/---

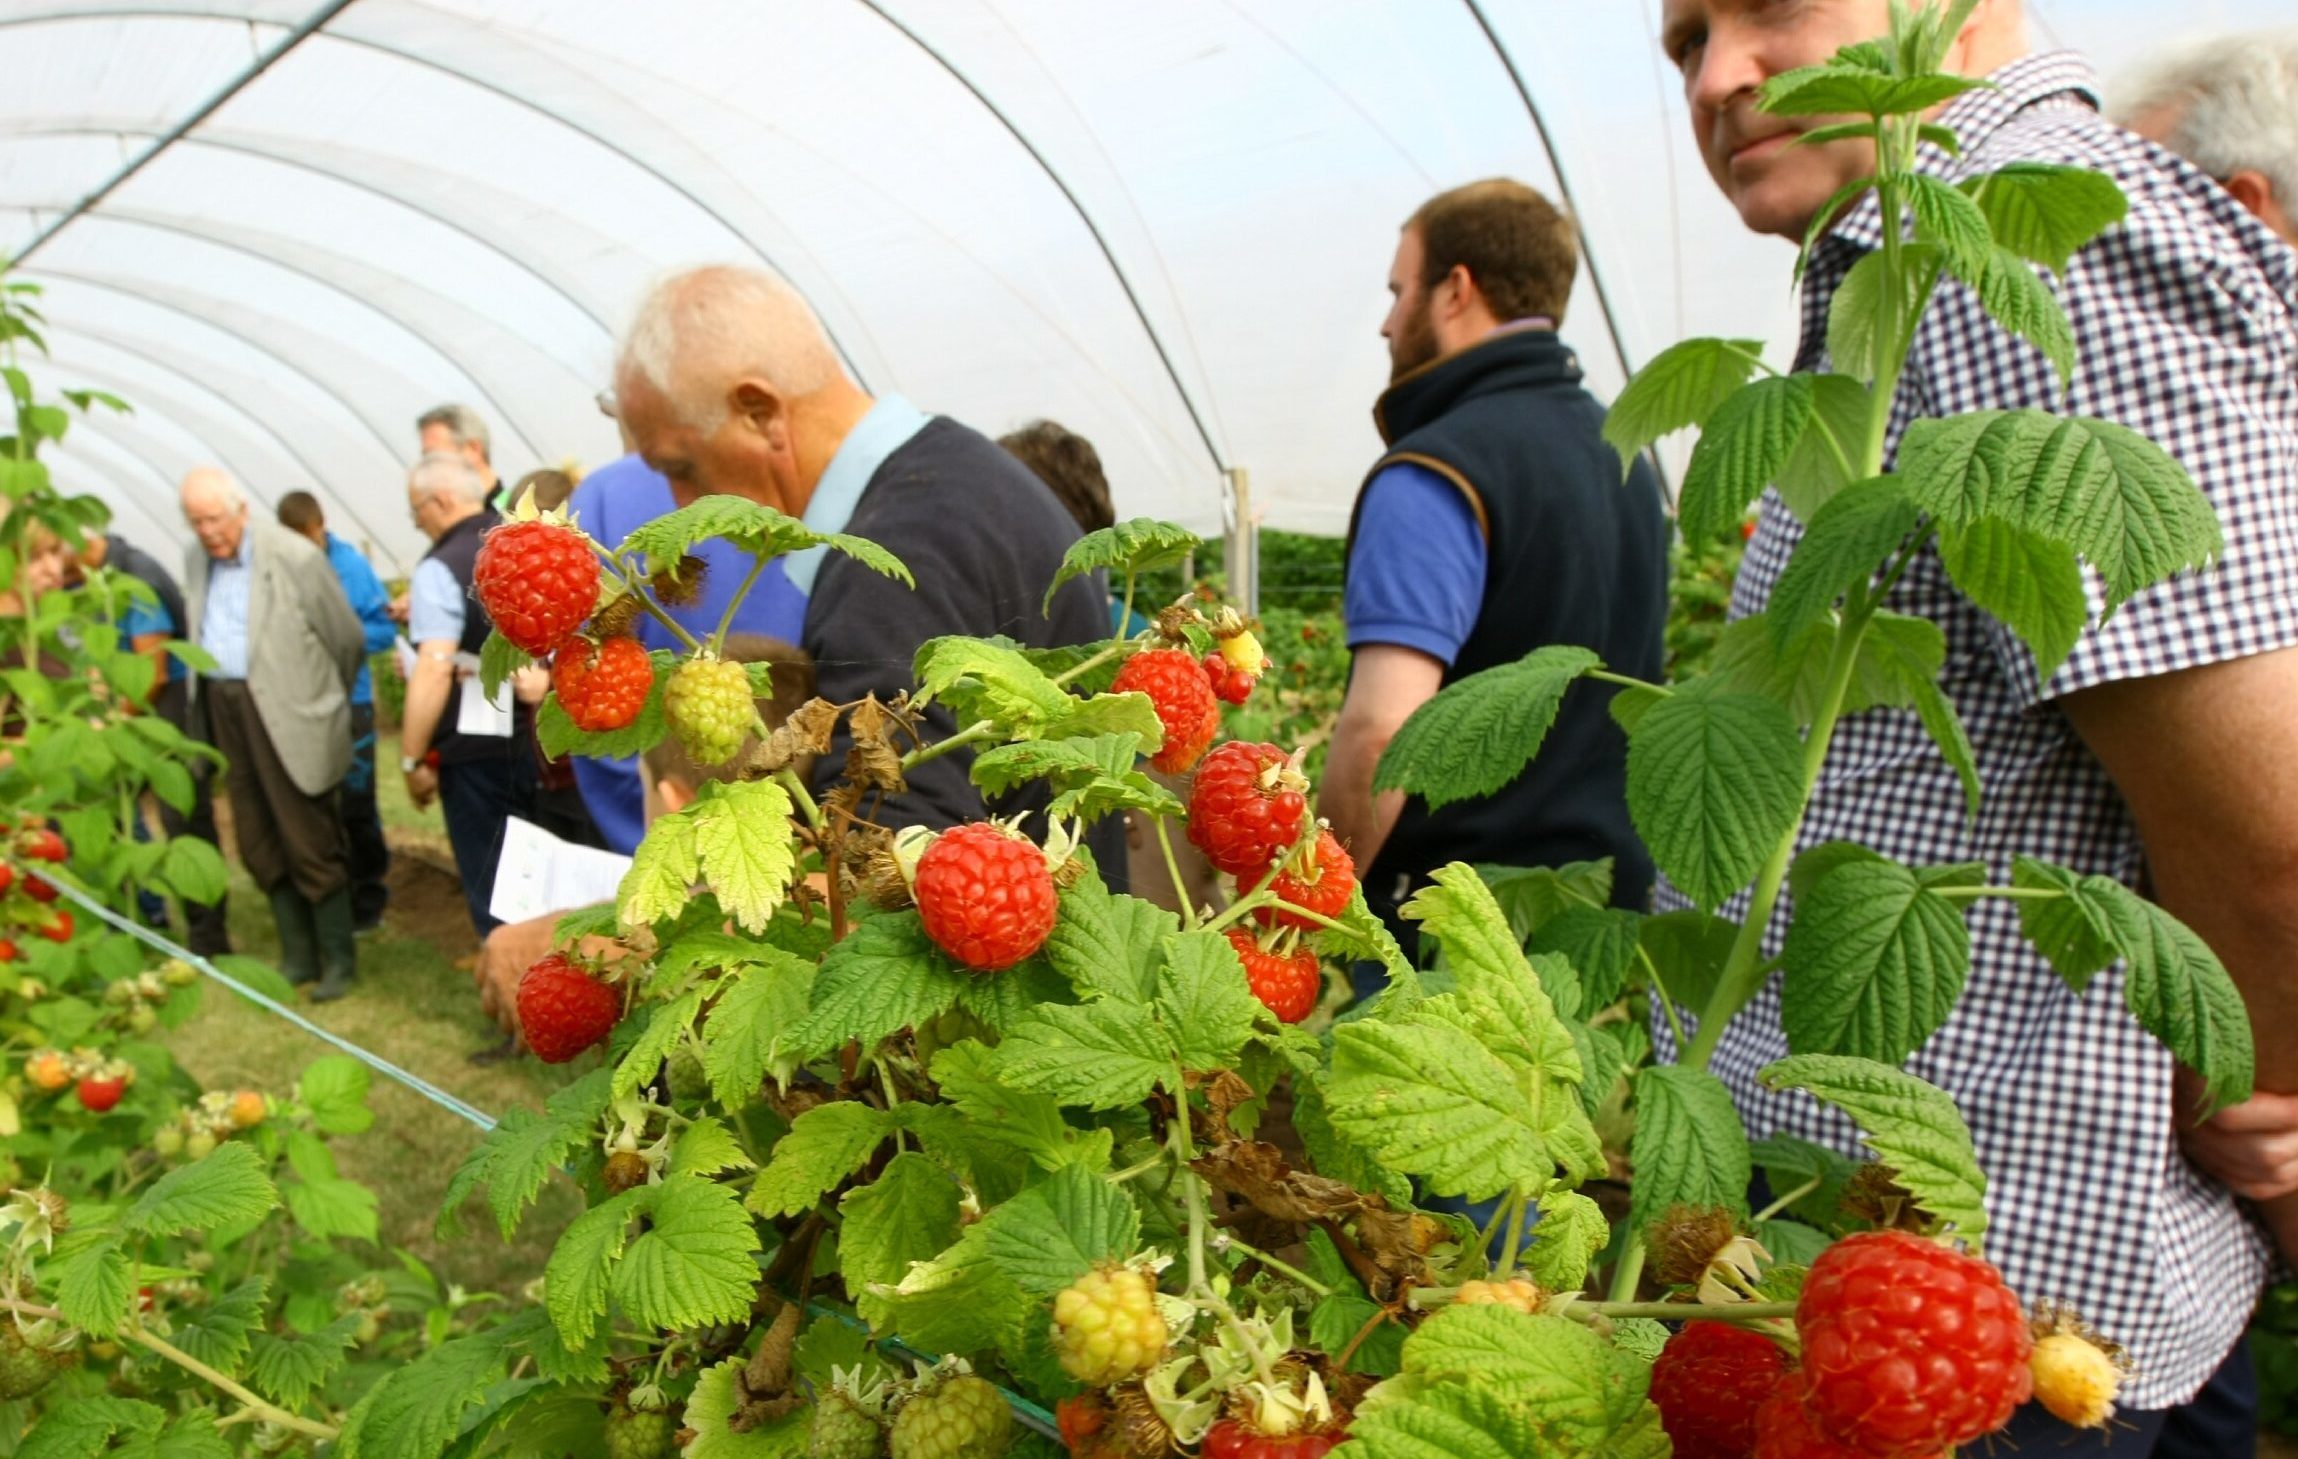 The soft fruit industry relies heavily on seasonal labour
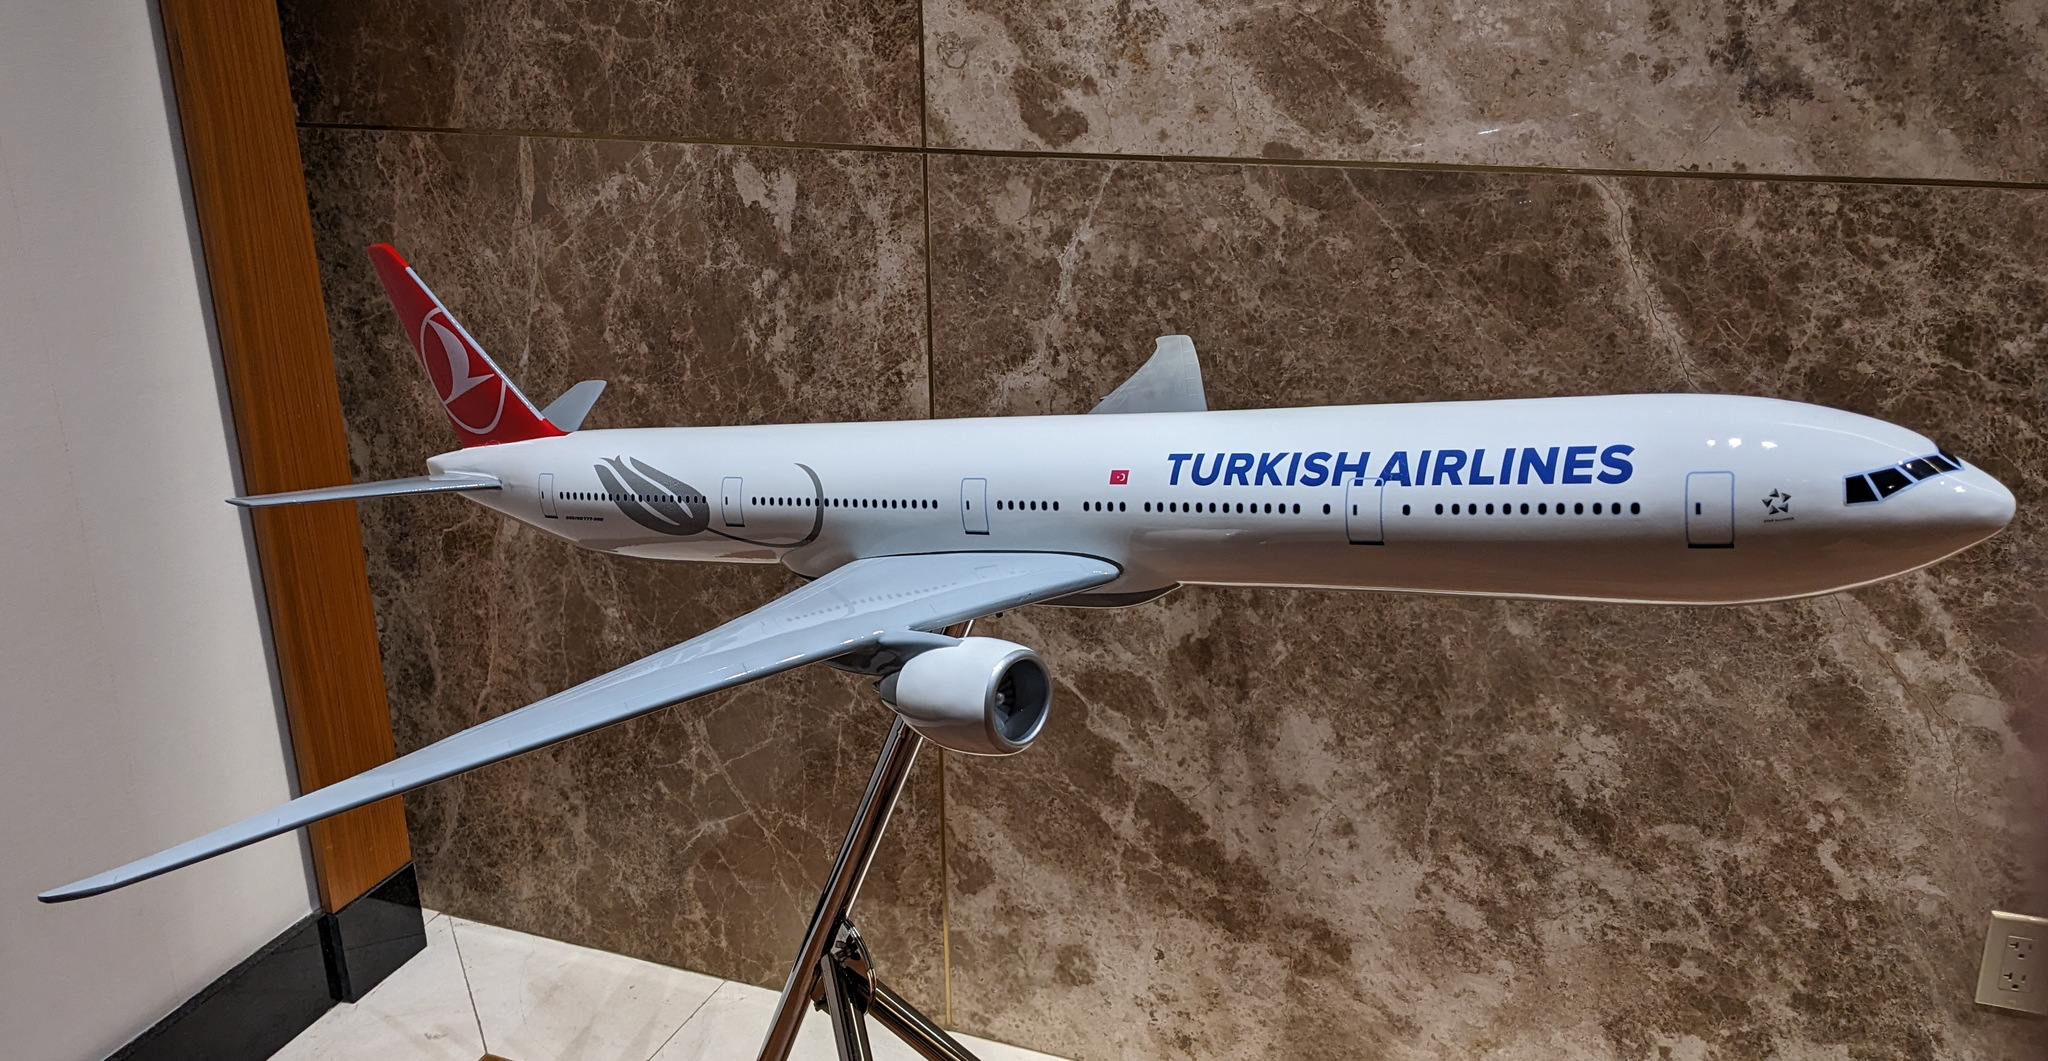 large Turkish Airlines (777) model plane in lobby of lounge.
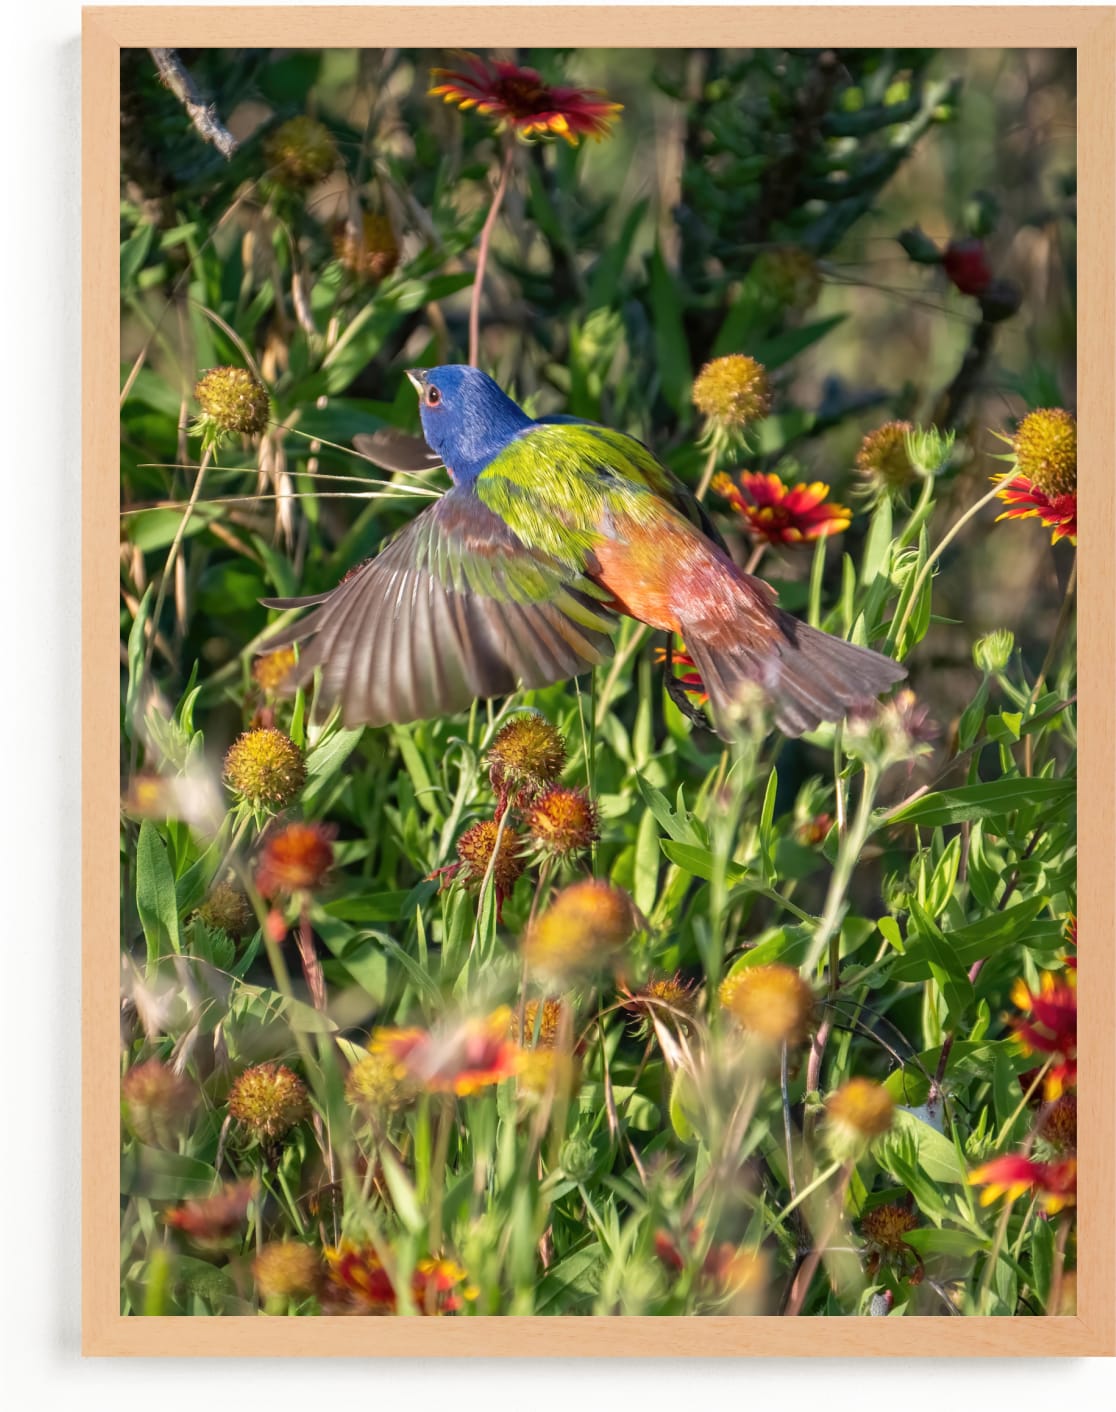 This is a yellow art by Aaric Eisenstein called Painted Bunting : The Light In This Moment.

\---

**Try it**
Copy the listing character for character, pictures omitted.

**Solved exercise**
 The soft fruit industry relies heavily on seasonal labour
 large Turkish Airlines (777) model plane in lobby of lounge.
 This is a yellow art by Aaric Eisenstein called Painted Bunting : The Light In This Moment.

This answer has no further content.